In this episode we talk about:
Links to the Lesbian Historic Motif Project Online
Links to Heather Online
Links to Raven Belasco Online
Researching queer history involves embracing ambiguity, but ambiguity is present on many levels with many different purposes. This article, though otherwise somewhat tangential, is a useful exercise in recognizing that.
Pelliccia, Hayden. 1995. “Ambiguity against Ambiguity: Anacreon 13 Again” in Illinois Classical Studies, Vol. 20: 23-34.
In the ages before people fought their academic battles in mailing lists and then blogs, the pages of academic journals often recorded back-and-forth rivalries over such details as the accuracy of translations and interpretations, proper credit for prior publication, and accusations of misunderstanding. This article is one of those: largely a record of detailed pedantic rivalry over whether a prior rebuttal to a previous article had correctly understood the original author’s position. As such, I don’t know how much value it has in absolute terms—especially given that neither the original article nor the rebuttal had previously come to my attention—but it touches on whether a particular turn of phrase in one ancient Greek poem does or does not make lesbianism a punchline.

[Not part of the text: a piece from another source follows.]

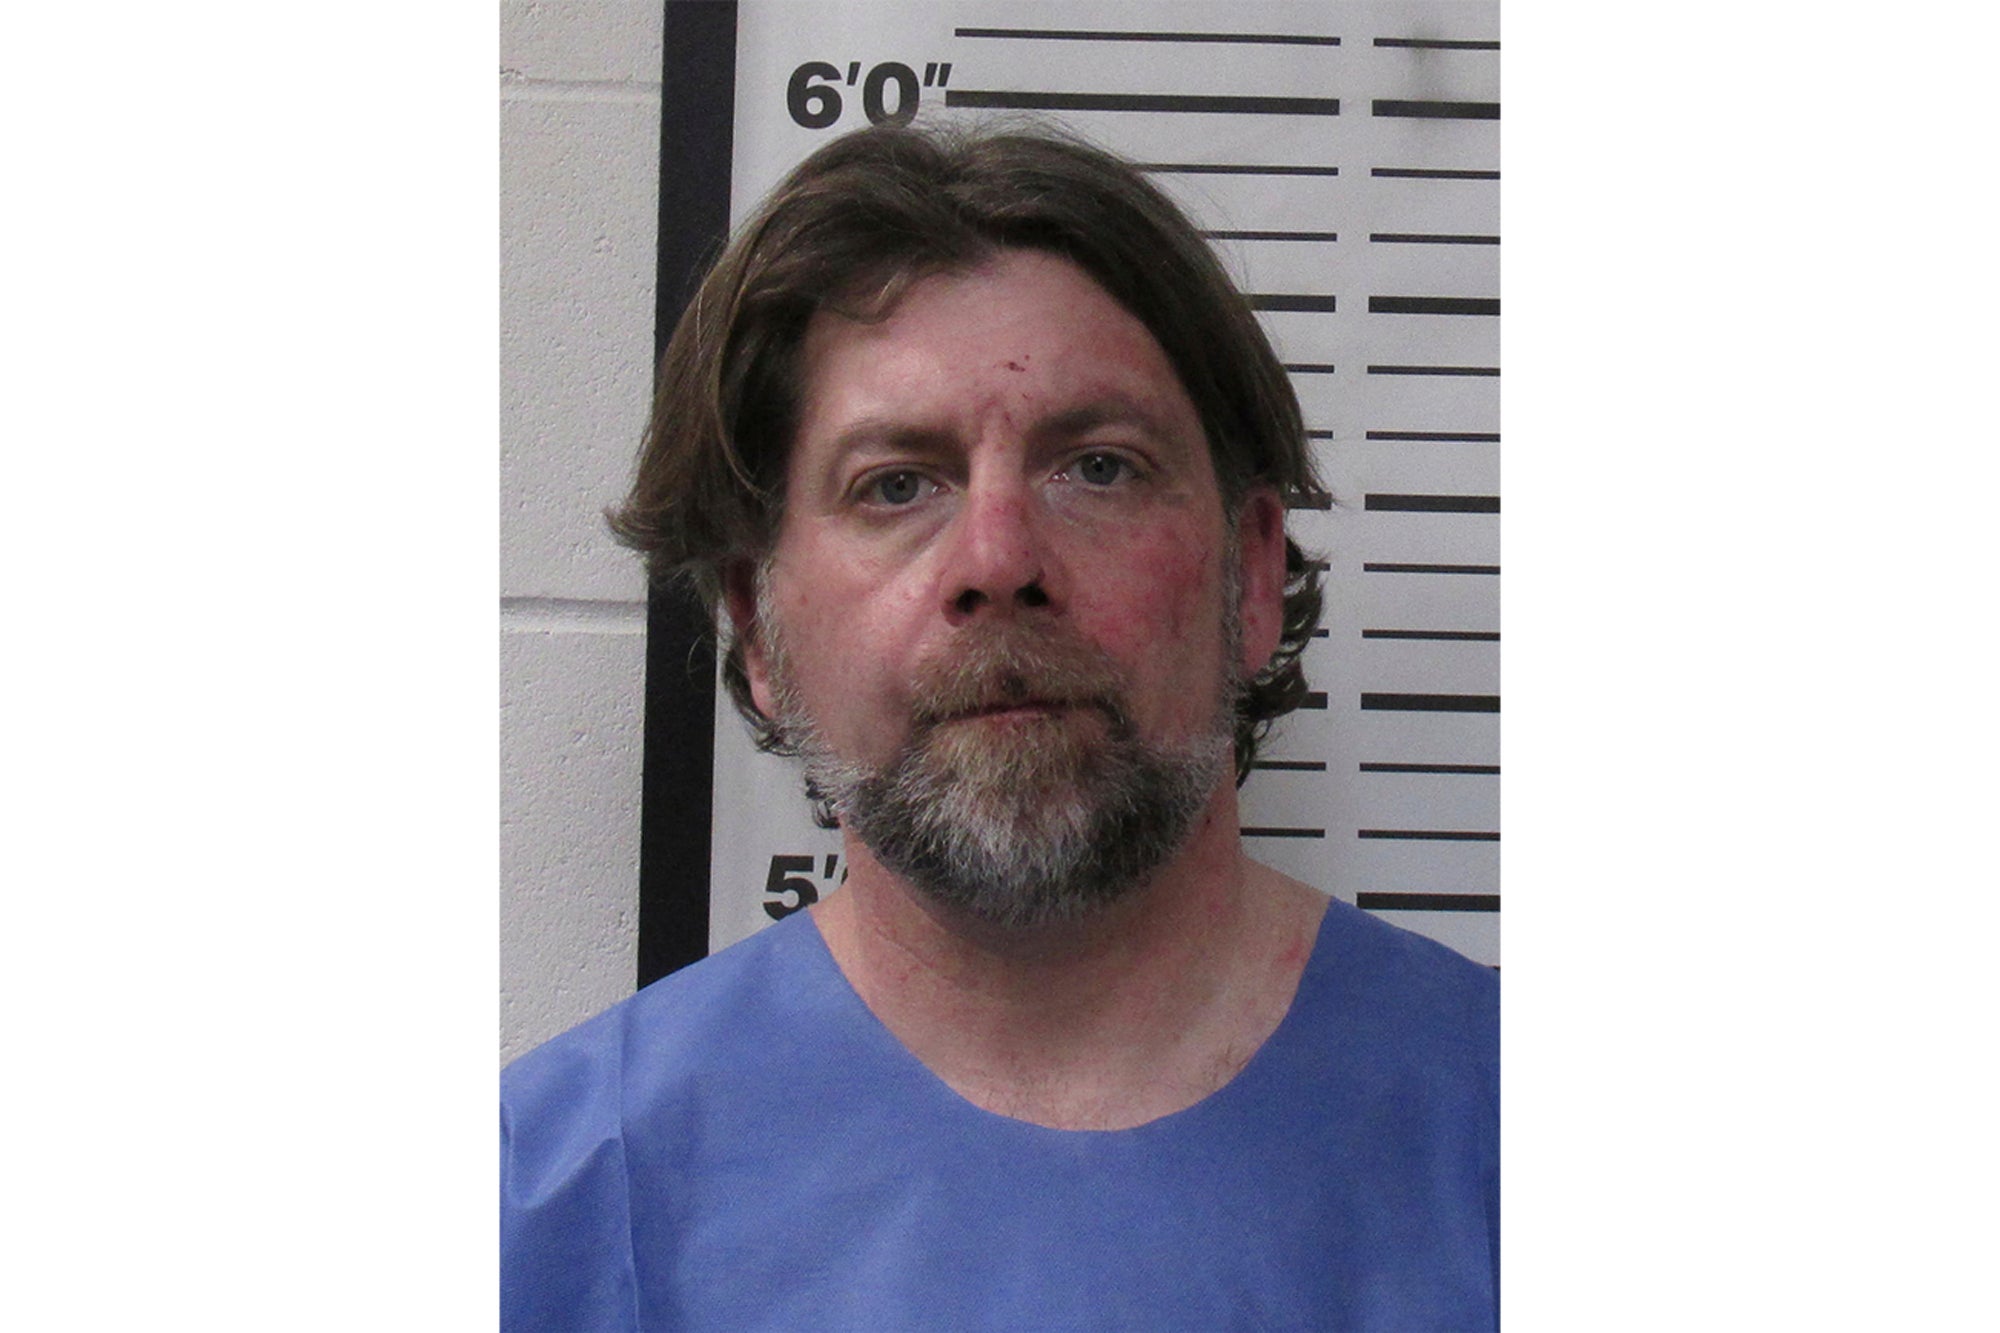 Booking photo of Ian Cramer, who pleaded not guilty on 17 April to a homicide charge related to a crash that killed a North Dakota sheriff’s deputy

Perhaps of more general interest, the essay considers questions of ambiguity: not only the ambiguity inherent in trying to decipher and choose among multiple possible meanings in a text for which we are not a contemporary audience, but also trying to discern the deliberate ambiguities built into the text by the original author and how those ambiguities would have been received at the time.
So, that said, the poem in question is Anacreon #13. Superficially it is an old man’s lament that an attractive young woman has no interest in him. Anacreon’s poems tend to be witty epigrams with a theme of “wine, women, and song.”
[Note: if you ever want to go down a peculiar rabbit hole, check out the 18th century English “Anacreontic Society” who chose him for their patron. And in particular their theme song “To Anacreon in Heaven,” whose tune has achieved some small amount of lasting notoriety. But I digress.]
The translation offered in Hubbard 2003 can serve as context. I’ve re-ordered the words in the last line to better match the Greek original, since it will be relevant. (See also Boehringer 2021 for further context on the poem.)
Once again golden-haired Eros,
Hitting me with a purple ball,
Calls me out to play
With a fancy-sandaled maid.
But she, hailing from
Well-endowed Lesbos, finds fault
With my hair, for it’s white.
At another she gapes open-mouthed.
The first key point is that the word “another” in the last line is grammatically feminine, but the word for “hair” is also grammatically feminine. So there is ambiguity in whether the punchline is simply “the girl prefers another type of hair, i.e., someone younger” or refers to an unspecified female person “the girl prefers another girl.”
The reference to the girl being from Lesbos stands out to a modern reader, but as many scholars have pointed out, the women of Lesbos were associated in antiquity with a wide variety of attributes, including beauty (and thus the ability to pick and choose partners), and same-sex desire is far from the most obvious interpretation. (Though Pelliccia seems to lean towards that being a significantly available association at the time.)
The second key point in interpretation is that the structure of the poem demands a “punchline”—a twist of interpretation, and that the phrase “gapes at” has a negative connotation.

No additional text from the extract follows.